I had a nice visit from John Rosman from OPB (Oregon Public Broadcasting) a few weeks ago. He wanted to talk to me about the legacy and impact of the Patterson/Gimlin Film 50 years after it was obtained down in Bluff Creek, CA. We spent a couple hours in my garage looking at the film, talking about the creature and its movements, and looking at casts. He was very interested in the subject, and had read a bit before coming over to do the interview. (Informed reporters do interviews that are much more enjoyable.)
The article he was working on just came out today. There is a video component as well, so be sure to click on the article to check out the interviews of me in my garage, and of Dr. Jeff Meldrum in his lab via Skype.
Film Introducing Bigfoot To World Still Mysterious 50 Years Later
Although it’s been decades since the Patterson-Gimlin film turned a Northwest legend, Bigfoot, into a household name, the footage and stories behind it still remain fascinating 50 years later.
The filmmakers, and namesakes of the film, are two former rodeo men from Yakima County in Washington.

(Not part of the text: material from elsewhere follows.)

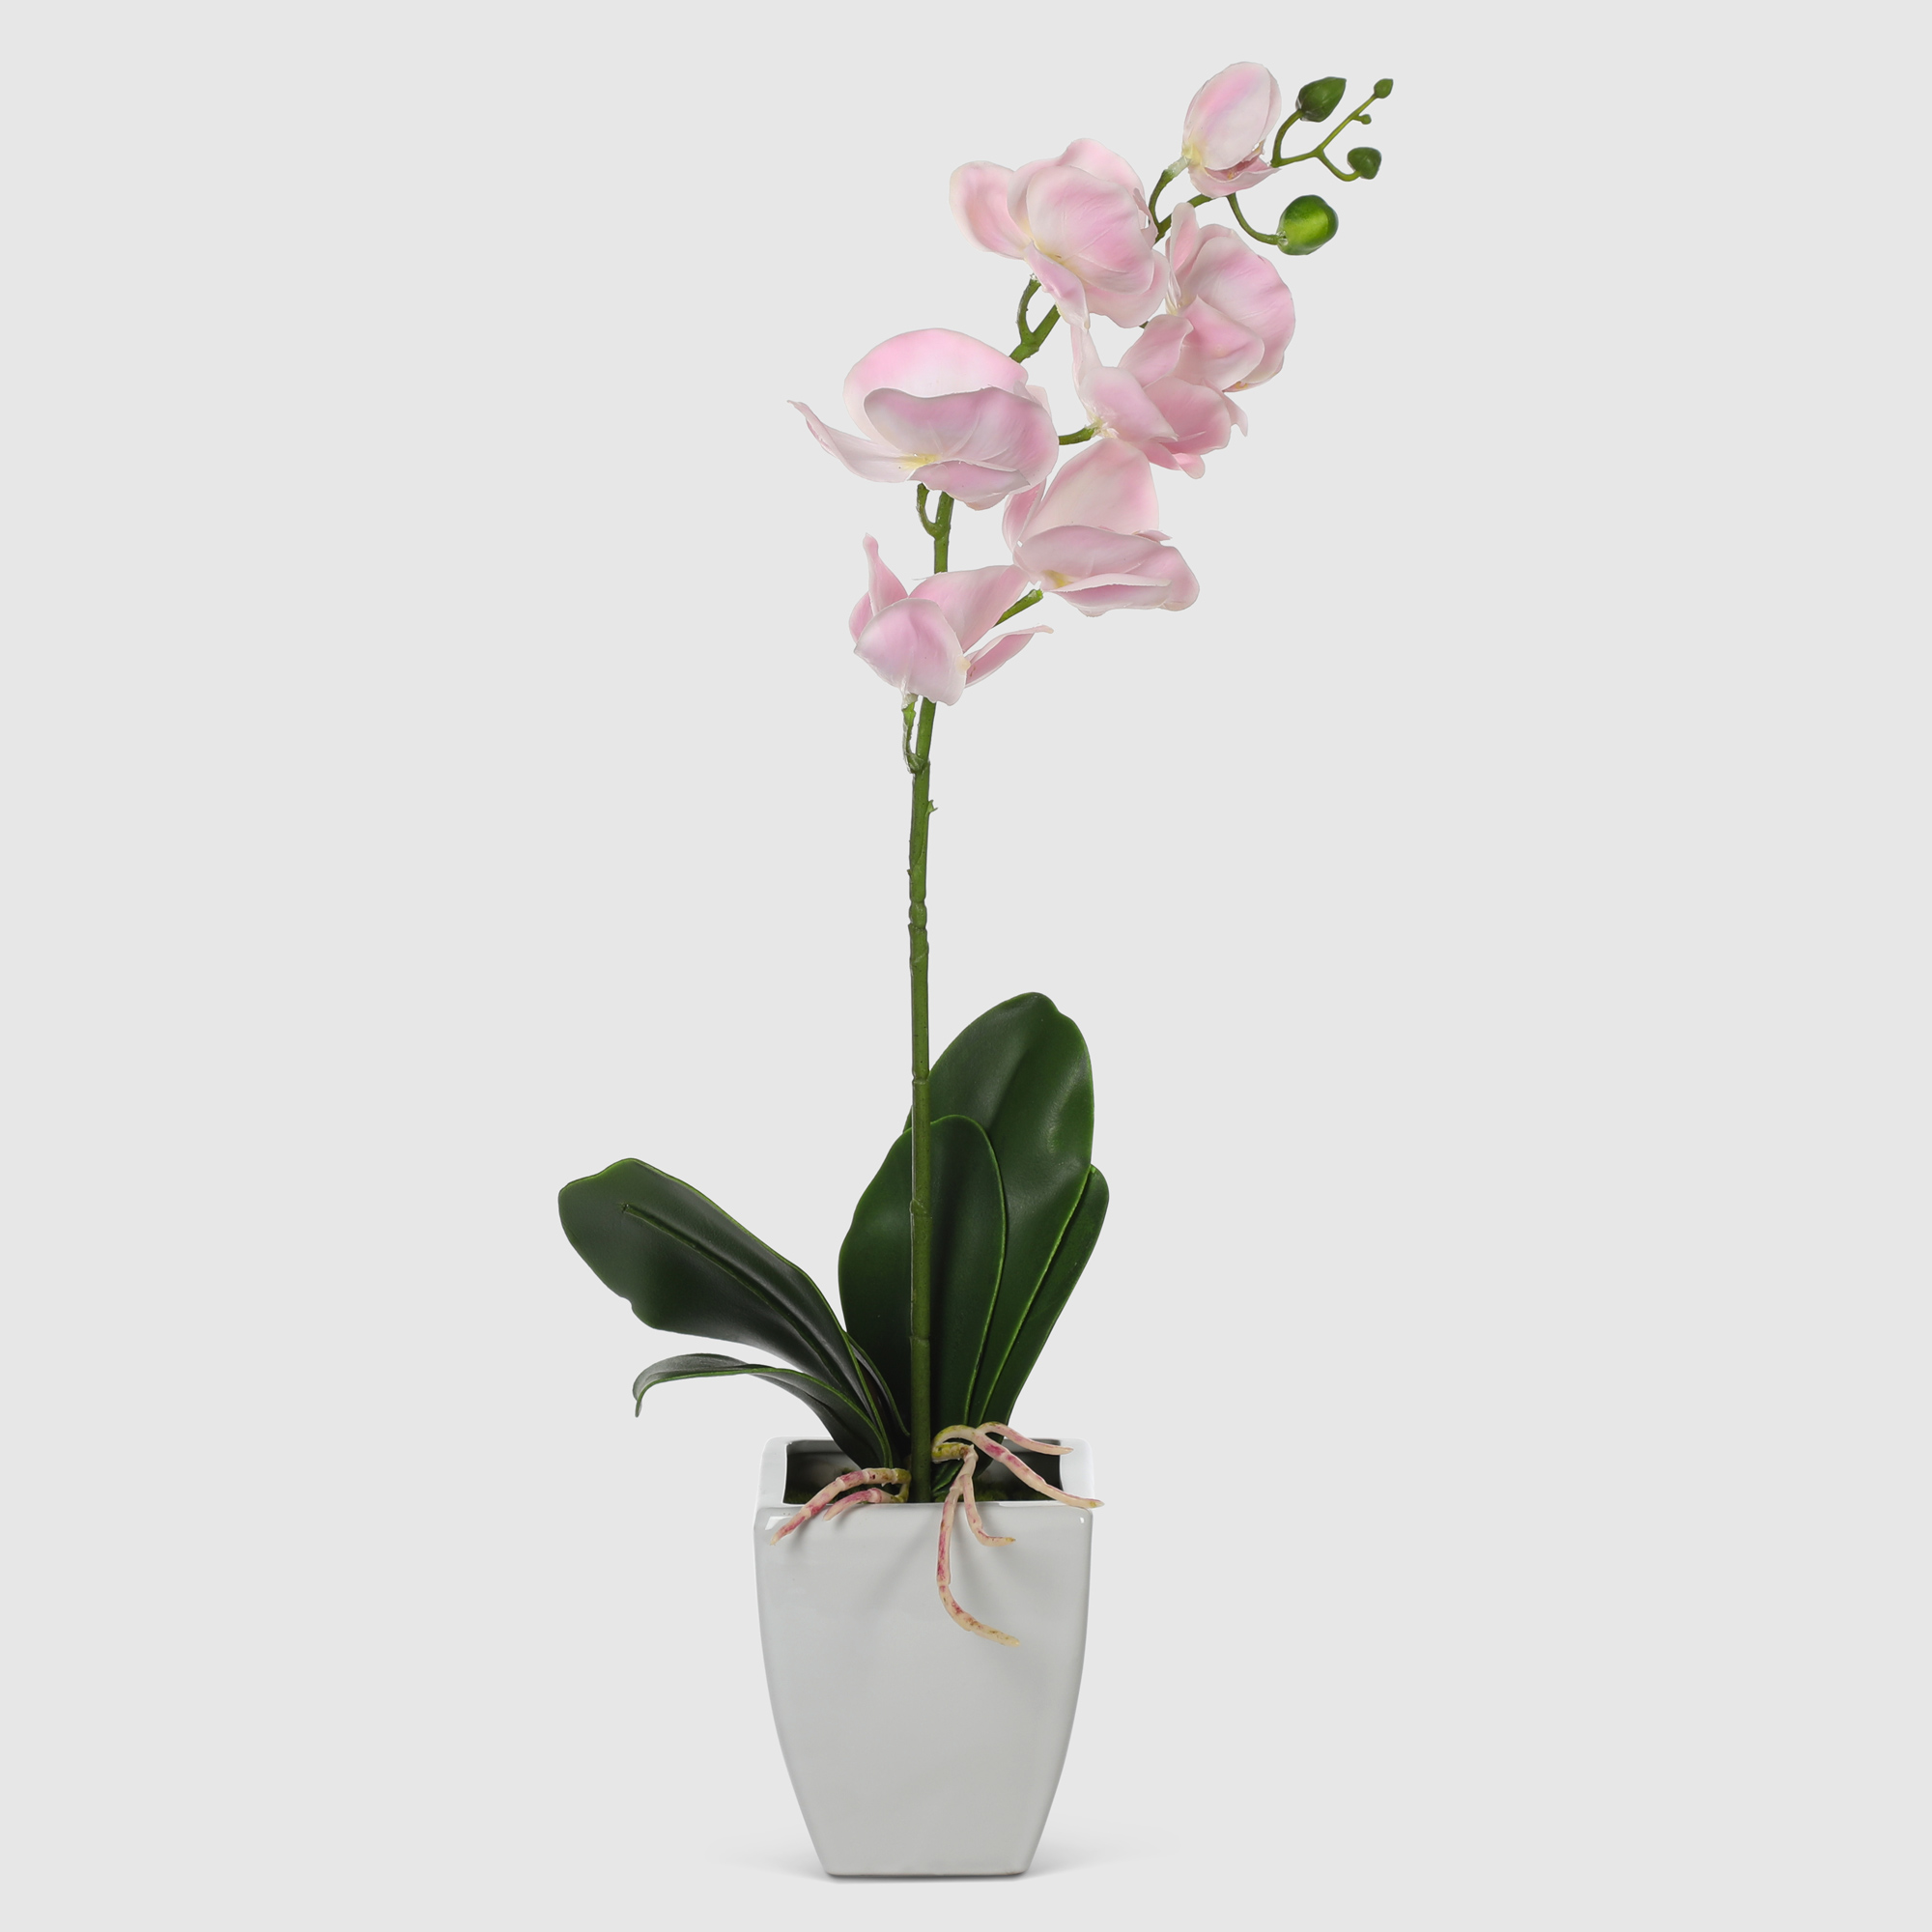 Орхидея в белом кашпо Конэко-О 575_10159_185 60 см цветок искусственный конэко о орхидея в декоративном кашпо 57 см

One, Bob Gimlin, still lives there. Roger Patterson died in 1972. They shot the footage off the banks of Bluff Creek in Northern California.
Bigfoot is seen on film for less than one minute, but one frame — 352 — has pretty much become the universal symbol for Sasquatch. And that famous giant walking ape is actually a she; her name is Patty.
But what might be most surprising — after a half century of advancement in film and costume technology — is that this footage has yet to be officially debunked.